- **WHAT NEEDS TO BE DONE**
Transcribe exactly everything in the data below from the line containing "Depth Cutting 21-6.8mm" down to the line containing "Mens Short Sleeve Empire Shirt", both lines included and nothing further.

- **MATERIAL FOR THE TASK**
··········
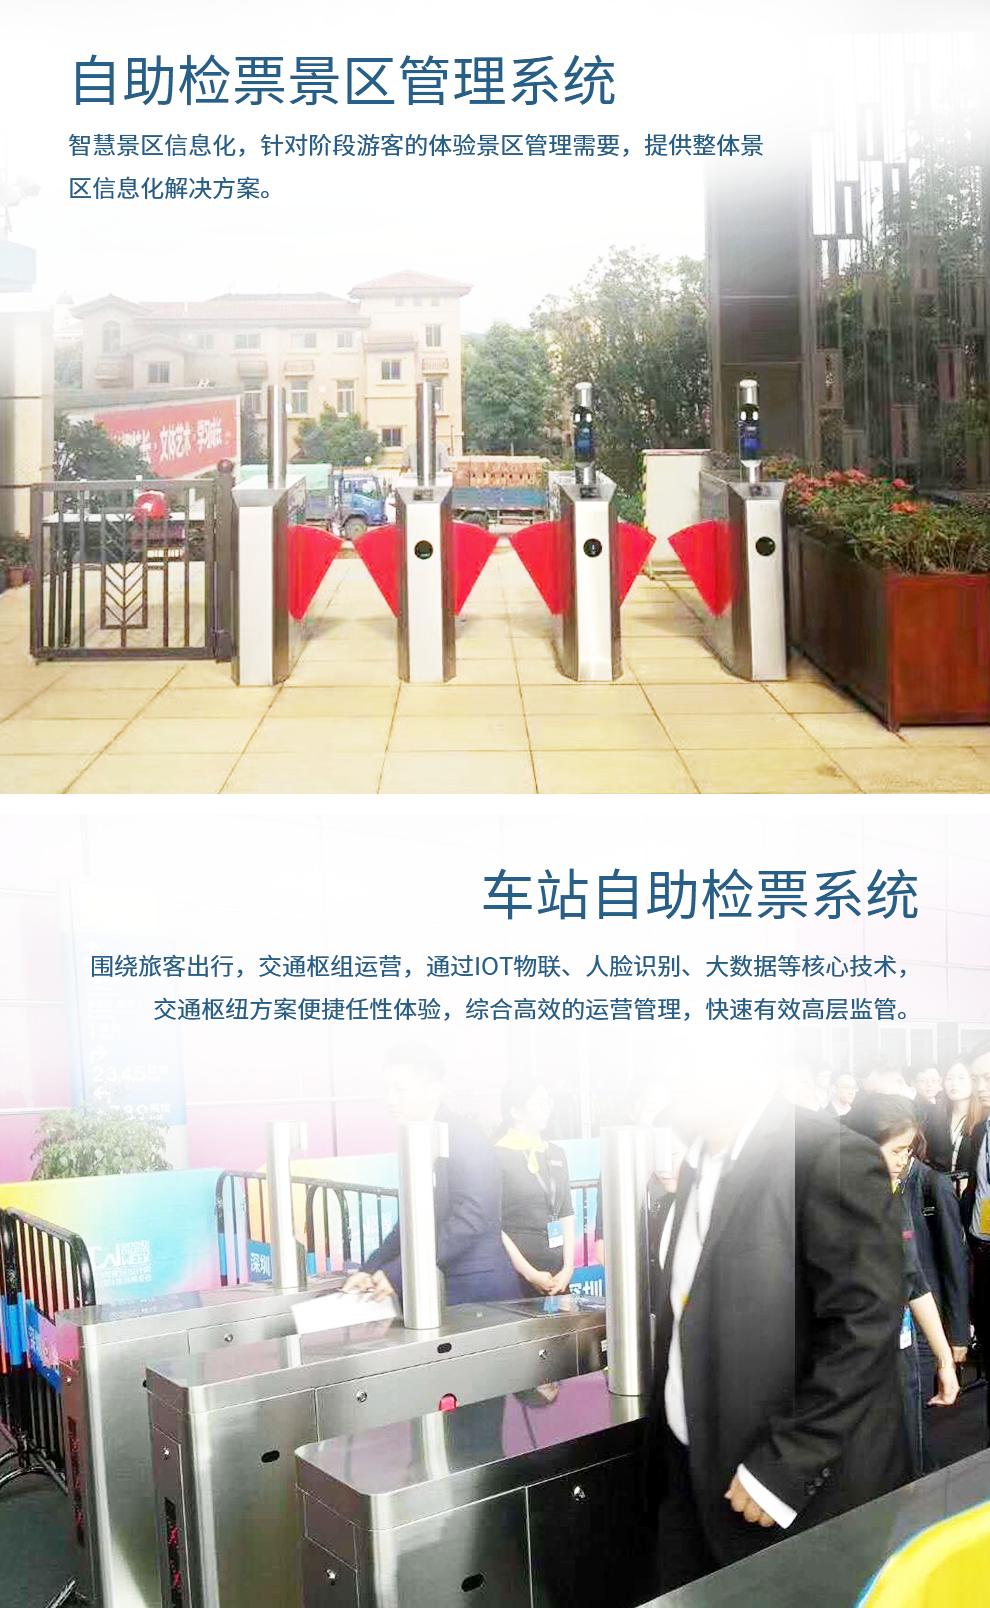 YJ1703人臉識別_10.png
··········
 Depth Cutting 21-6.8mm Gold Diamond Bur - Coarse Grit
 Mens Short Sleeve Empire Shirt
··········
- **TASK RESPONSE**
 Depth Cutting 21-6.8mm Gold Diamond Bur - Coarse Grit
 Mens Short Sleeve Empire Shirt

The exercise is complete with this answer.